De nada sirve tener el sistema mejor financiado de España si no hacemos un uso racional del mismo. La salud no empieza en la puerta de urgencias; empieza en nuestros hábitos, en la prevención, en gestos tan sencillos como comer sano para cuidar nuestro corazón o en saber que una comunidad de vecinos cardioprotegida salva vidas antes de que llegue la ambulancia.

Usar los recursos con cabeza es un acto de solidaridad. Acudir al médico cuando es necesario, pero no banalizar la consulta, permite que el sistema respire y pueda atender con agilidad a quien se debate entre la vida y la muerte.

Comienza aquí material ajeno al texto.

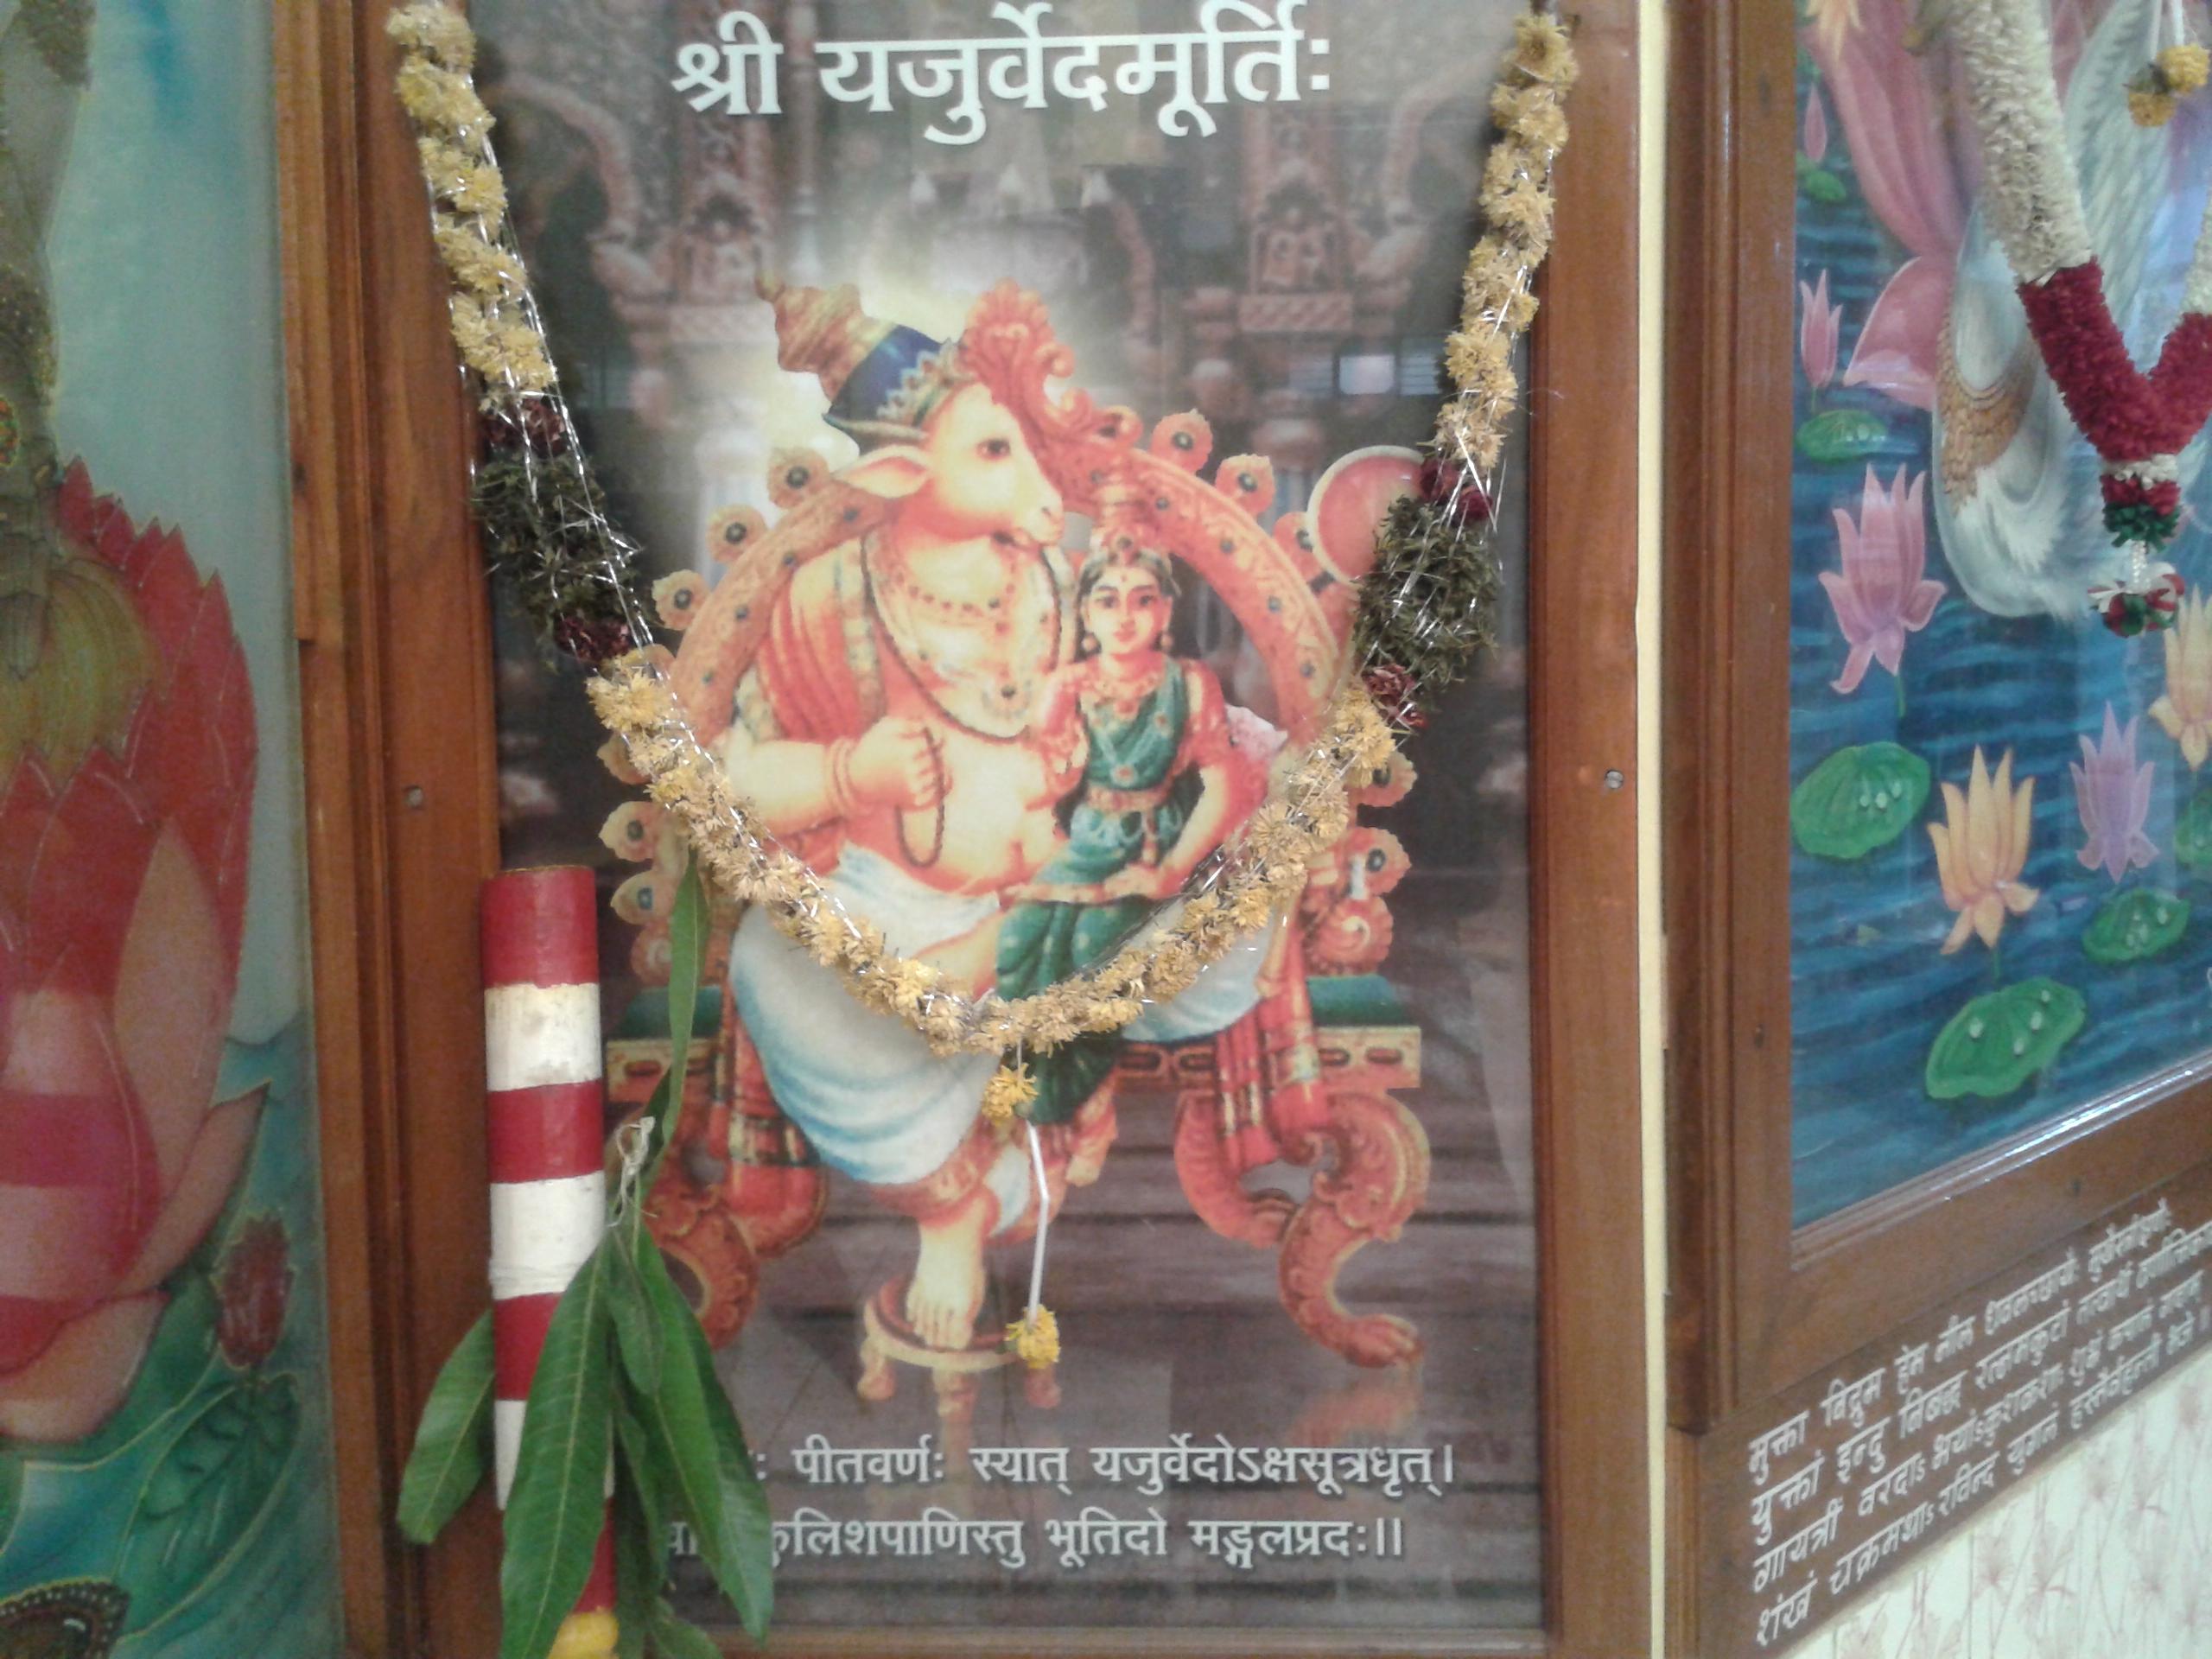 Rig Yajur Sama Atharva Vedas Personified Images Ramani S Blog

Asturias ha decidido poner la salud en el centro de su política, por encima de cualquier otra comunidad. Es un hito histórico. Pero recordemos que los hospitales no se sostienen solo con muros y presupuestos, sino con la voluntad de las personas.

Tenemos 2.581 millones de euros sobre la mesa. Ahora nos toca a nosotros demostrar que tenemos el compromiso, la educación sanitaria y la responsabilidad cívica para convertirlos en bienestar real para todos.

Porque la sanidad pública somos todos, y cuidarla empieza en cada uno de nosotros.